(Dataset section)
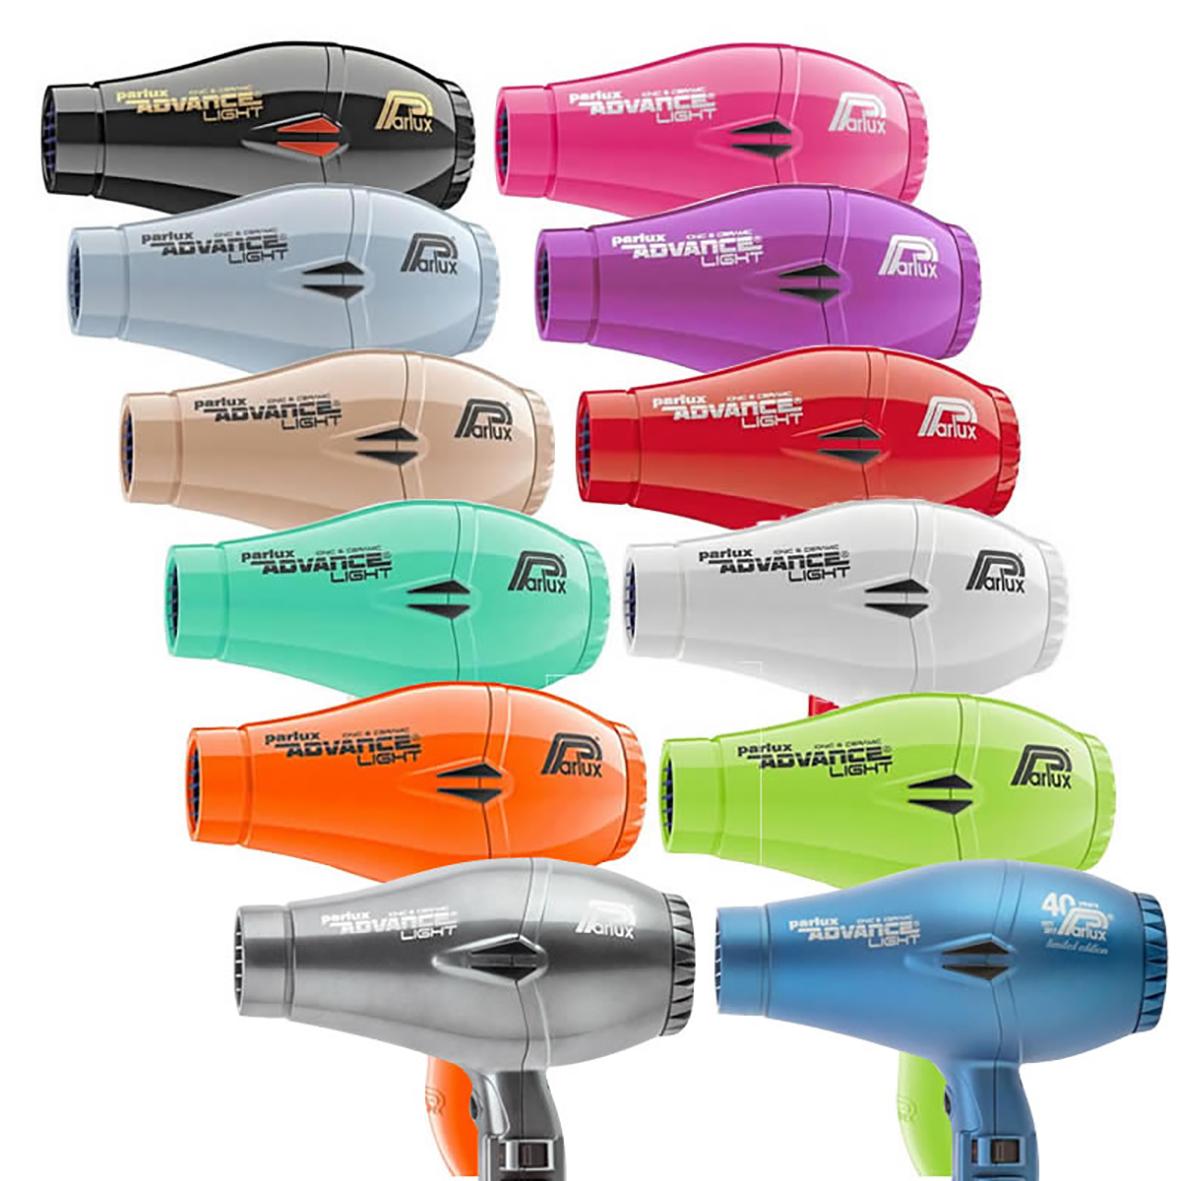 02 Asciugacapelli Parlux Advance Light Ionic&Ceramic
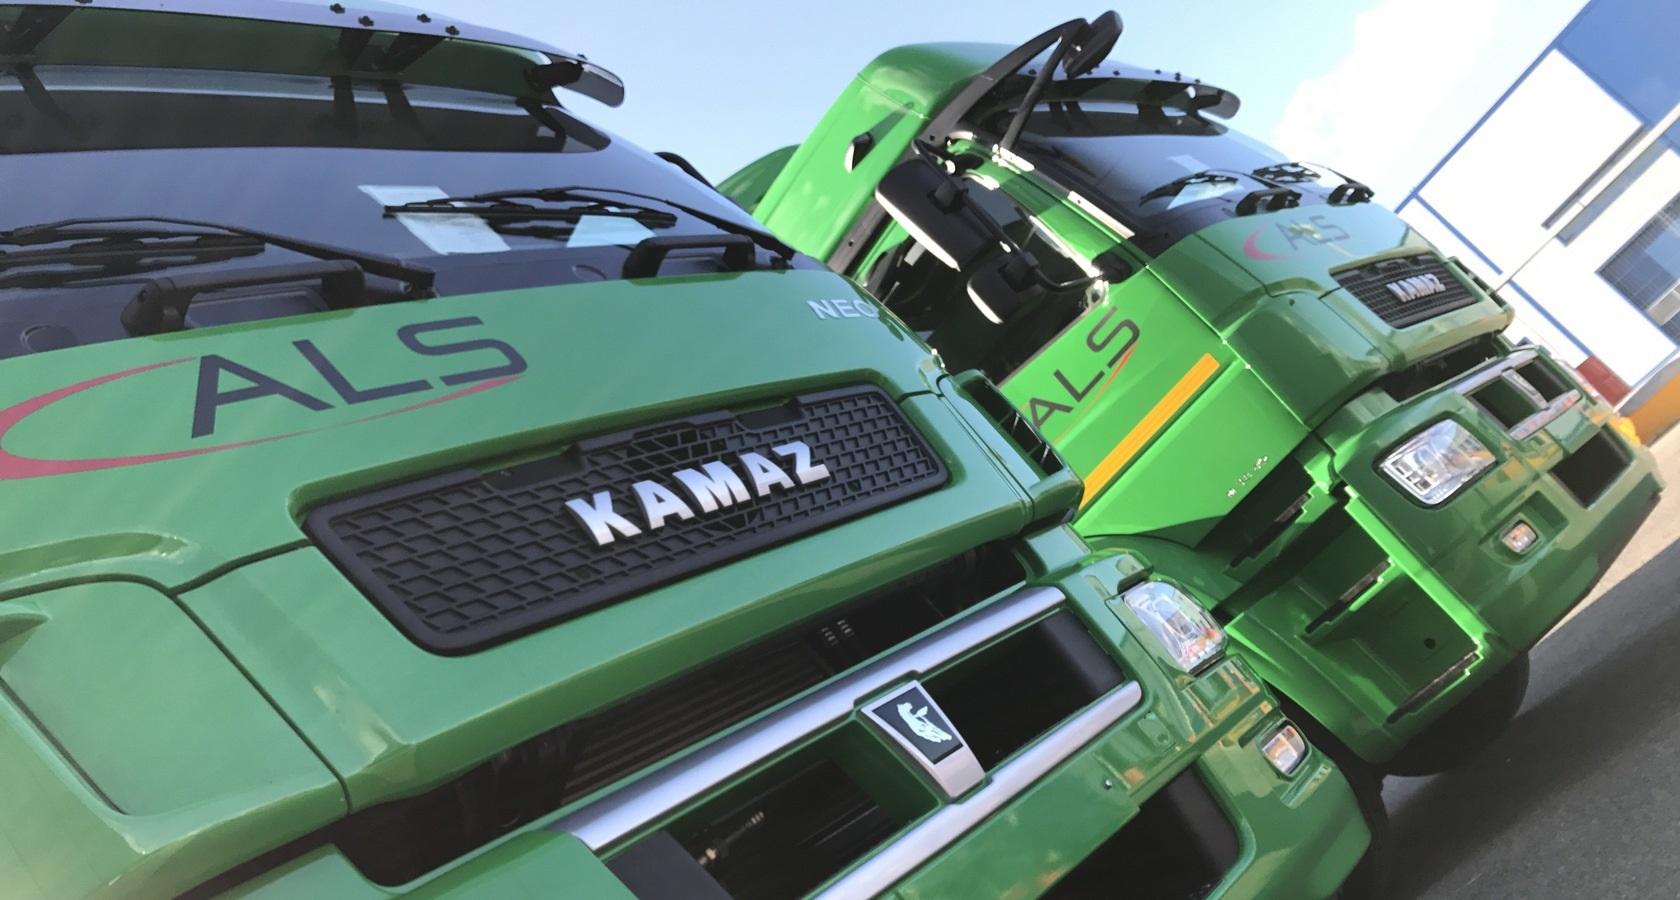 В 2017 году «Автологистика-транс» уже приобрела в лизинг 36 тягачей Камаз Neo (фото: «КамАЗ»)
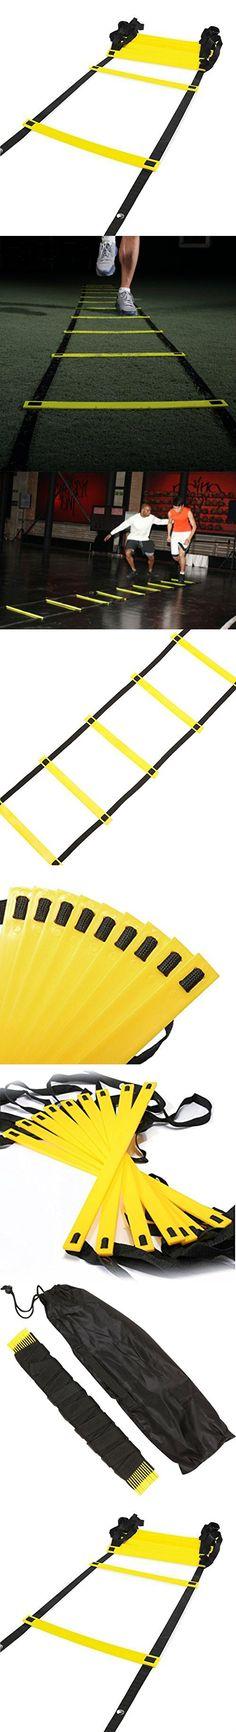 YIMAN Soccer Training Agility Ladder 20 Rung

(Problem to work on) Leaving out all pictures, transcribe the listing exactly.

(Answer space)
 02 Asciugacapelli Parlux Advance Light Ionic&Ceramic
 В 2017 году «Автологистика-транс» уже приобрела в лизинг 36 тягачей Камаз Neo (фото: «КамАЗ»)
 YIMAN Soccer Training Agility Ladder 20 Rung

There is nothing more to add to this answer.